Q: What makes Extrait de Parfum different from Eau de Parfum?
The differentiation between all perfume subheaders, cologne, eau de toilette, eau de parfum, and those you have mentioned, is the percentage of perfume oil which is contained within your bottle. Eau de parfum is 15-20% aromatic oil, Parfum or Extrait de Parfum is from 15-40%. The large percentage gap in the EXP is due to the types of aromatics being utilised in the fragrance. If the scent is constructed with a large array of very bold and lasting notes, then the lower percentage is utilised as a higher value. It will not necessarily be beneficial, it could in fact destroy the experience and longevity of the scent (each aromatic carries its own unique behavioural characteristics) where when working with lighter aromatics, such as citrus and soft greens or certain florals, the percentage will lean to a higher side to ensure that the full behaviour and spectrum of those notes are present for the desired longevity created for the fragrance.
Q: What can we expect to see next from this gorgeous brand?
I’m incredibly excited to be launching three new fragrances soon, which have been a few years in the making.

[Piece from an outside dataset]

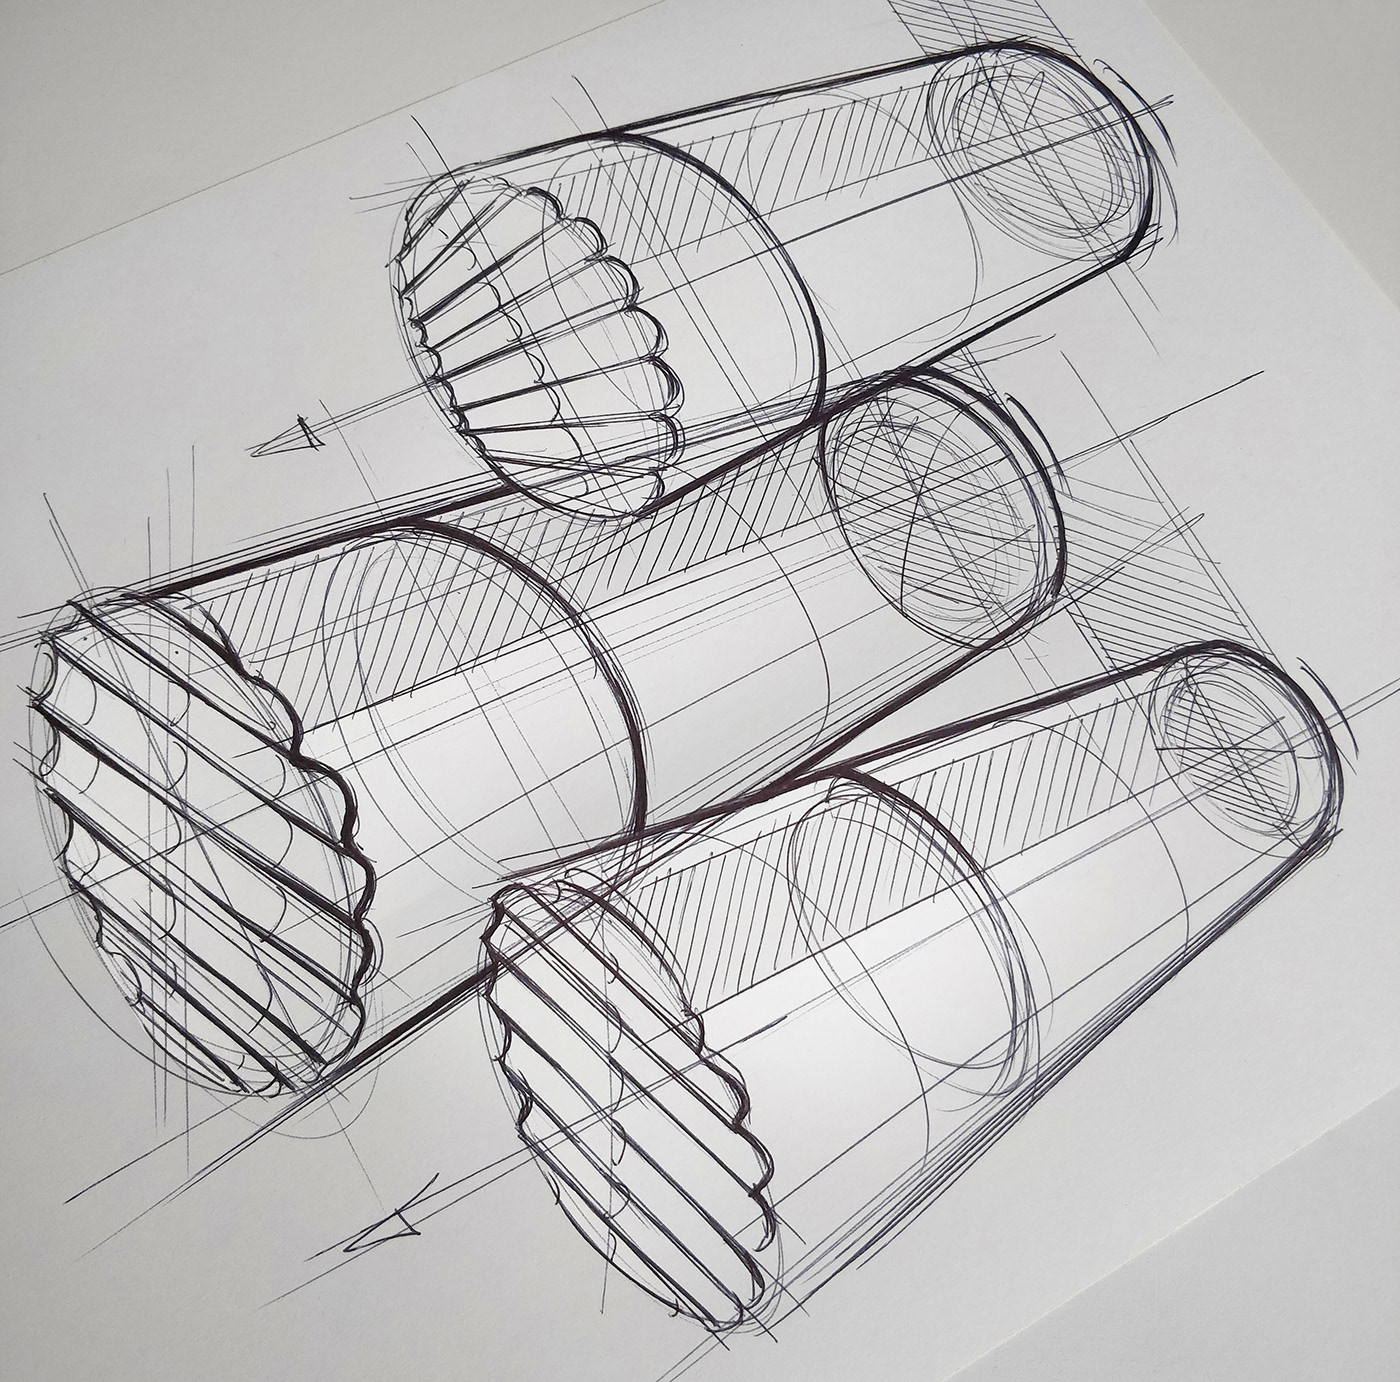 design designer Drawing  product produkt sketch sketcher sketching technical zeichnen

Travels across the African continent, from sea to valley to never ending desert, as well as a new series of fragranced interior pieces created to celebrate the Art of Scent in the home. We have just launched our latest series of candles, created as the iconic look for the brand, 0.5kg of perfumed hand-poured wax in original artisan made porcelain vessels, which embodies the history, aesthetic and elegance of the brand, each of which have been mastercrafted in South Africa. My aim is to showcase our consistent and elegant products that can easily stand beside their international counterparts and give voice to the unique and exclusive botanics we have access to on our continent.